(Saved data entries)

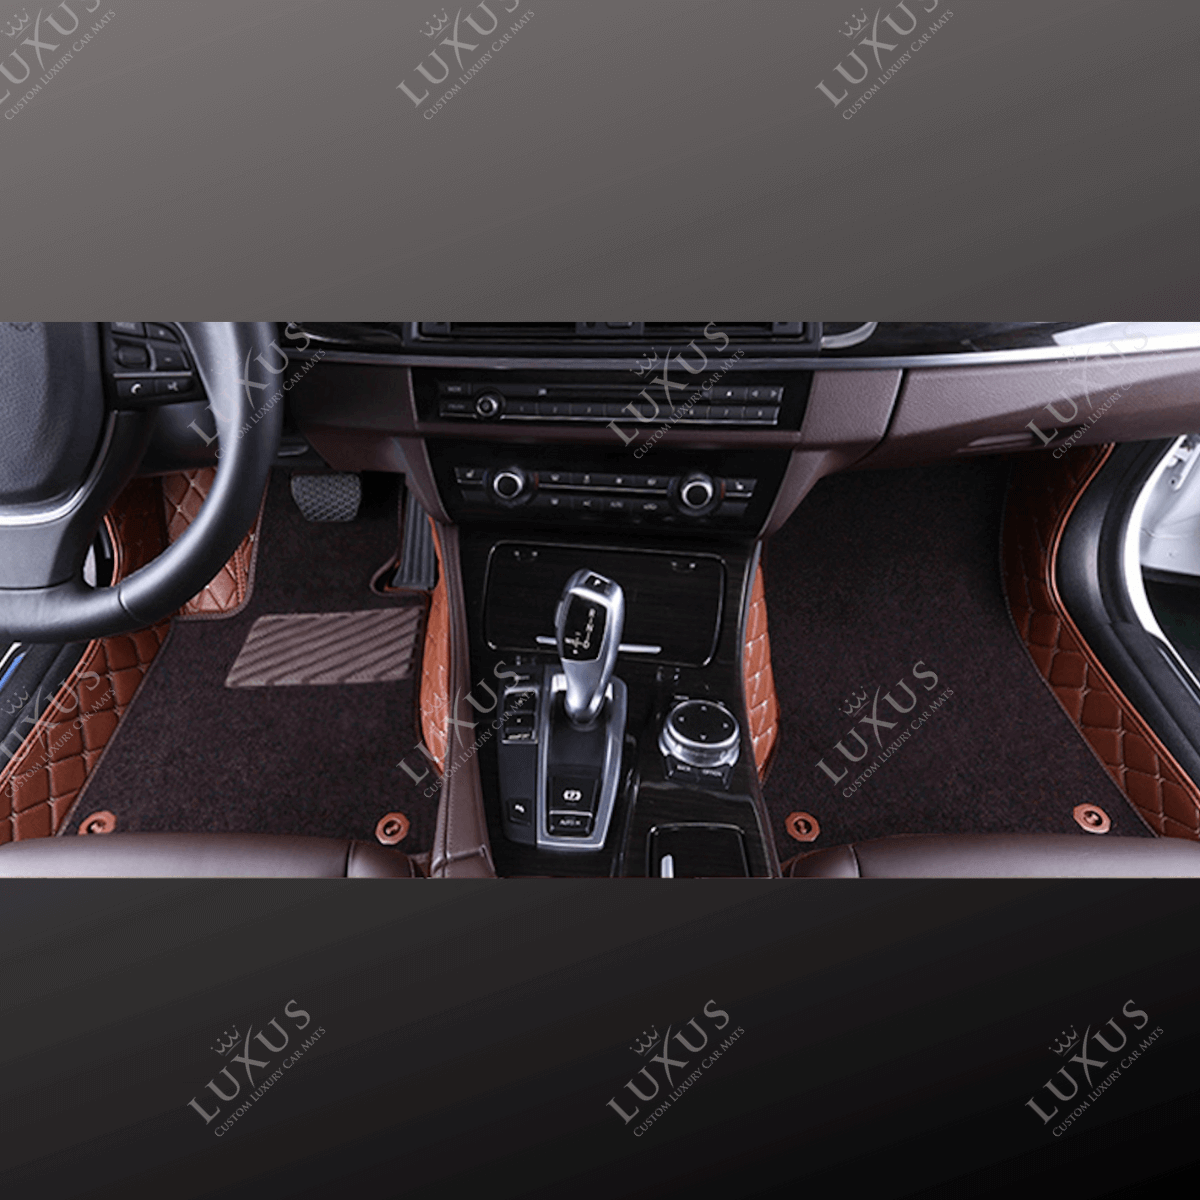 Caramel Brown Diamond Base & Brown Top Carpet Double Layer Luxury Car Mats Set
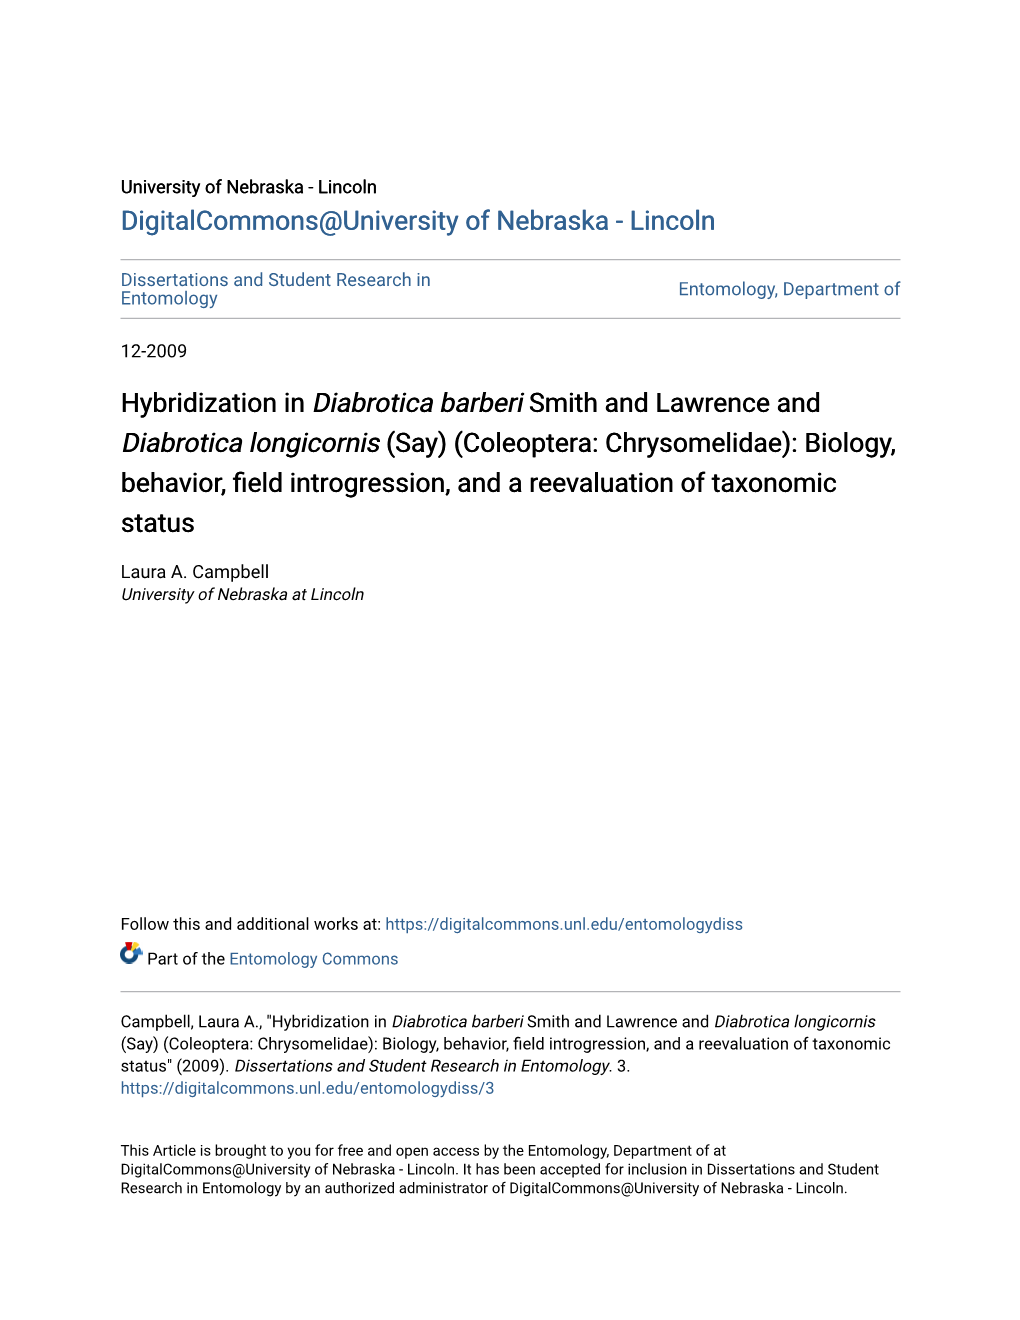 Hybridization in &lt;I&gt;Diabrotica Barberi&lt;/I&gt; Smith and Lawrence
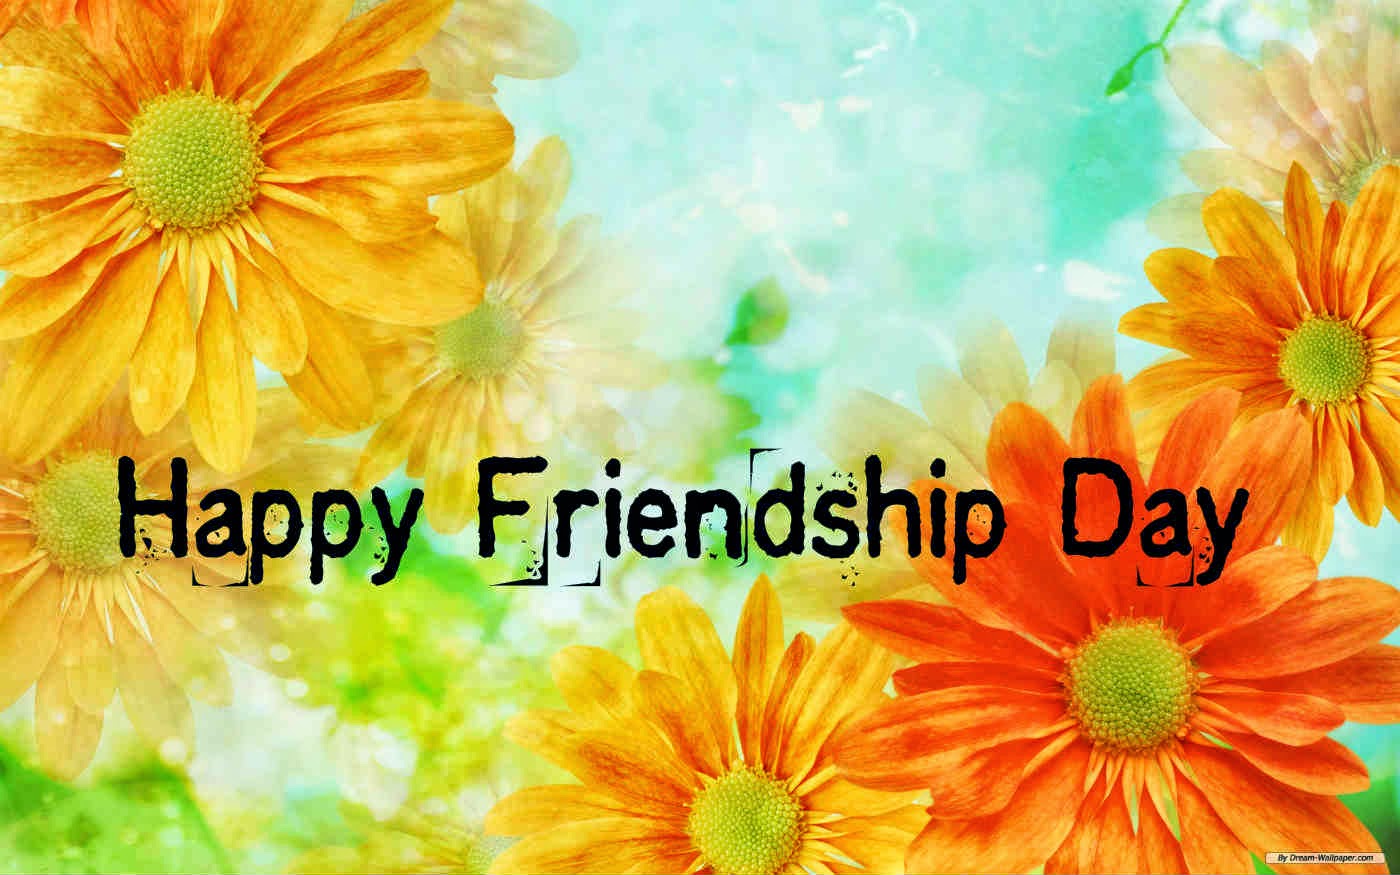 My friends to be glad. Международный день друзей на английском. Открытка с днем дружбы на английском. Открытки с цветами на английском языке. Happy Friendship.
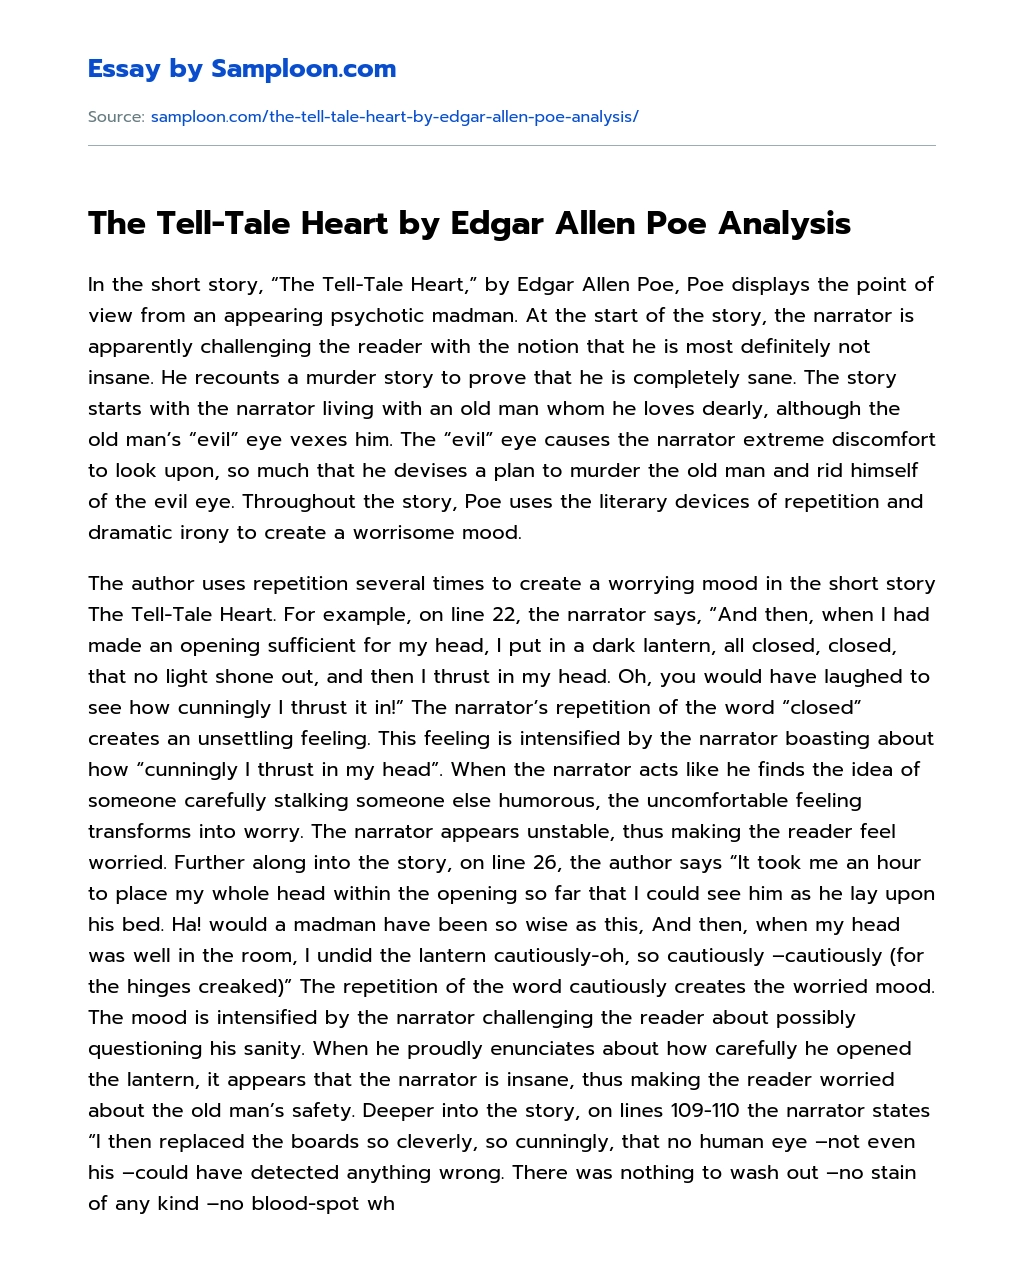 The Tell-Tale Heart by Edgar Allen Poe Analysis essay
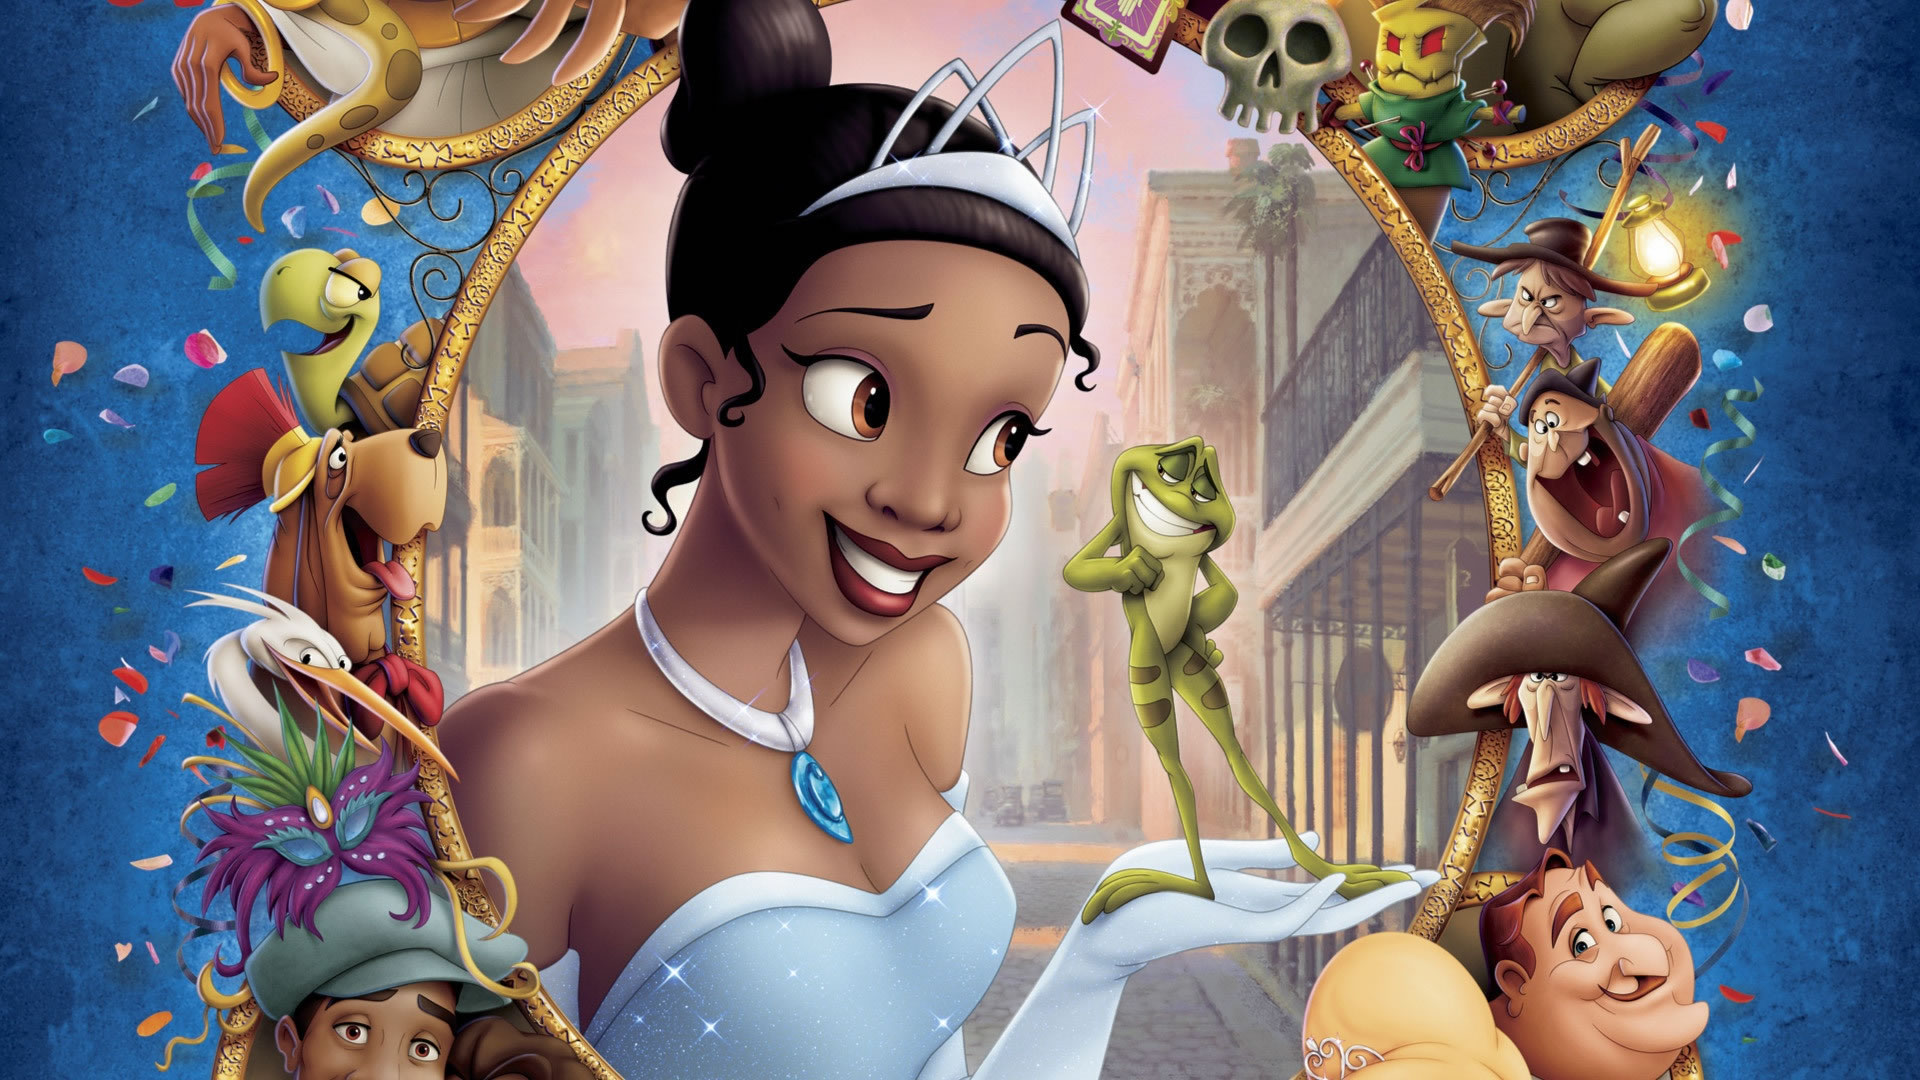 download wallpaper: Disney’s de prinses en de kikker wallpaper
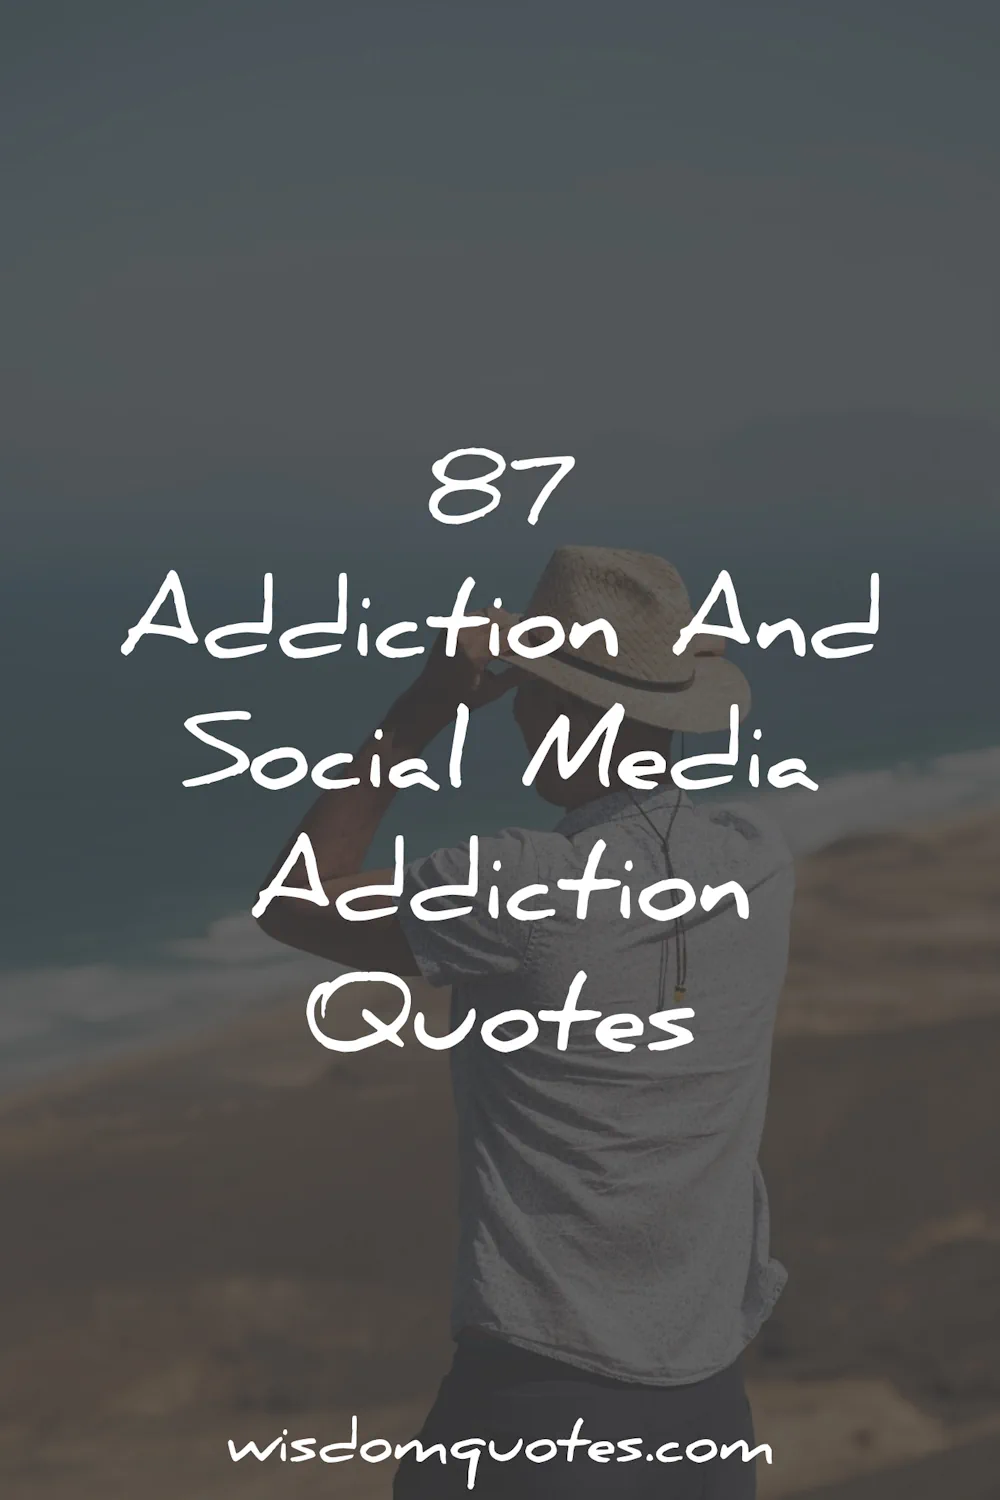 addiction social media quotes wisdom

# TASK DETAILS
Restate each entry word for word; pictures stay out of the copy.

# ANSWER BOX
 Caramel Brown Diamond Base & Brown Top Carpet Double Layer Luxury Car Mats Set
 Hybridization in &lt;I&gt;Diabrotica Barberi&lt;/I&gt; Smith and Lawrence
 My friends to be glad. Международный день друзей на английском. Открытка с днем дружбы на английском. Открытки с цветами на английском языке. Happy Friendship.
 The Tell-Tale Heart by Edgar Allen Poe Analysis essay
 download wallpaper: Disney’s de prinses en de kikker wallpaper
 addiction social media quotes wisdom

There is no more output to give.